An exact transcript of every entry is required, without any of the pictures.

** SUPPLIED DATA follows **

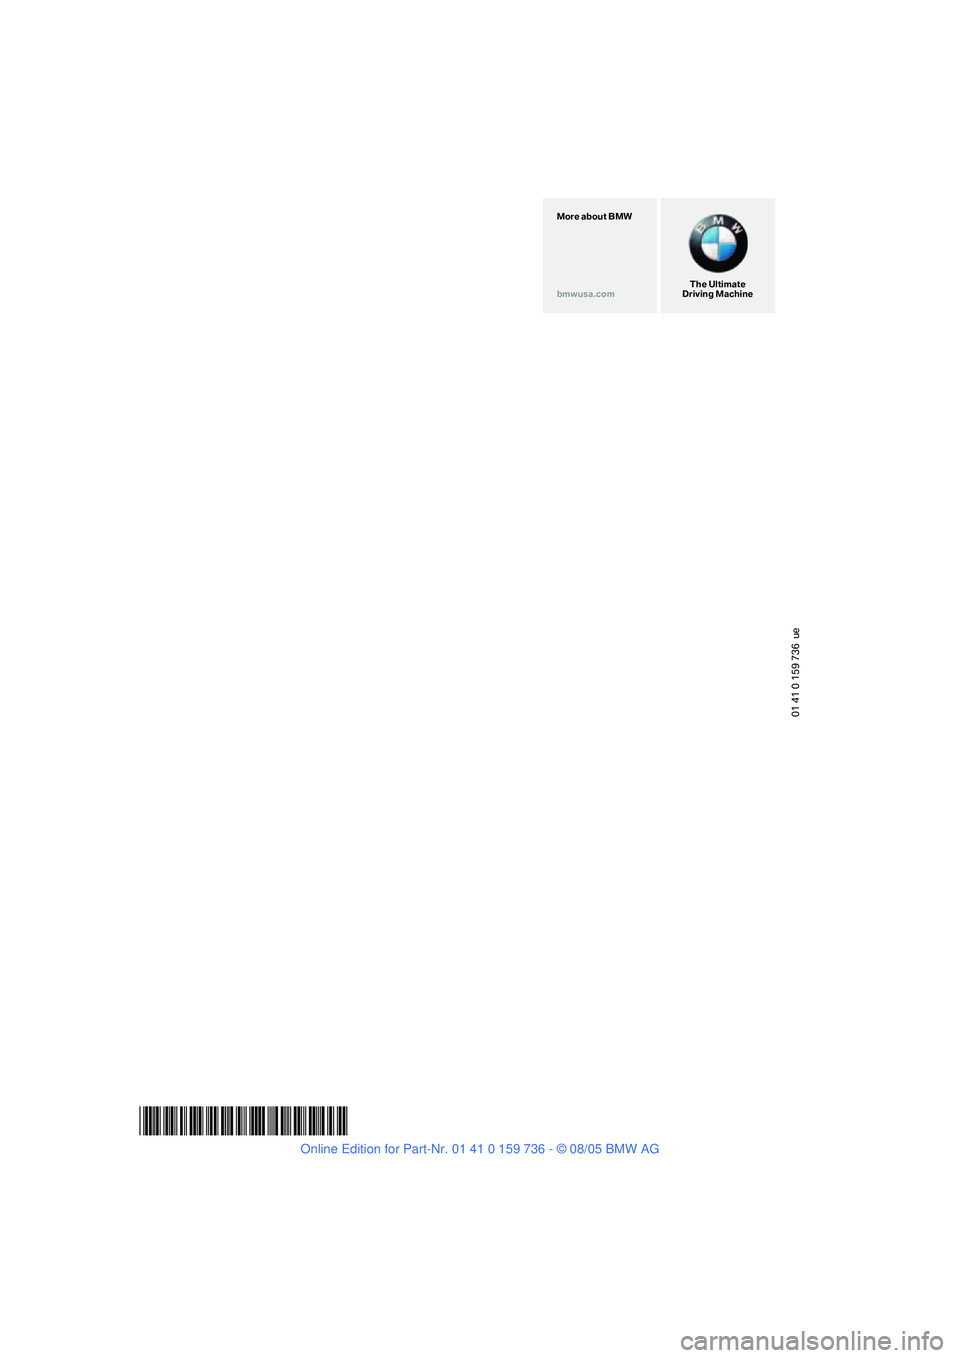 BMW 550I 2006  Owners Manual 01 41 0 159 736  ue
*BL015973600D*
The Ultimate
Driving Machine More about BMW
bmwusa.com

** End of SUPPLIED DATA **

[EXERCISE RESULT]
 BMW 550I 2006  Owners Manual 01 41 0 159 736  ue
*BL015973600D*
The Ultimate
Driving Machine More about BMW
bmwusa.com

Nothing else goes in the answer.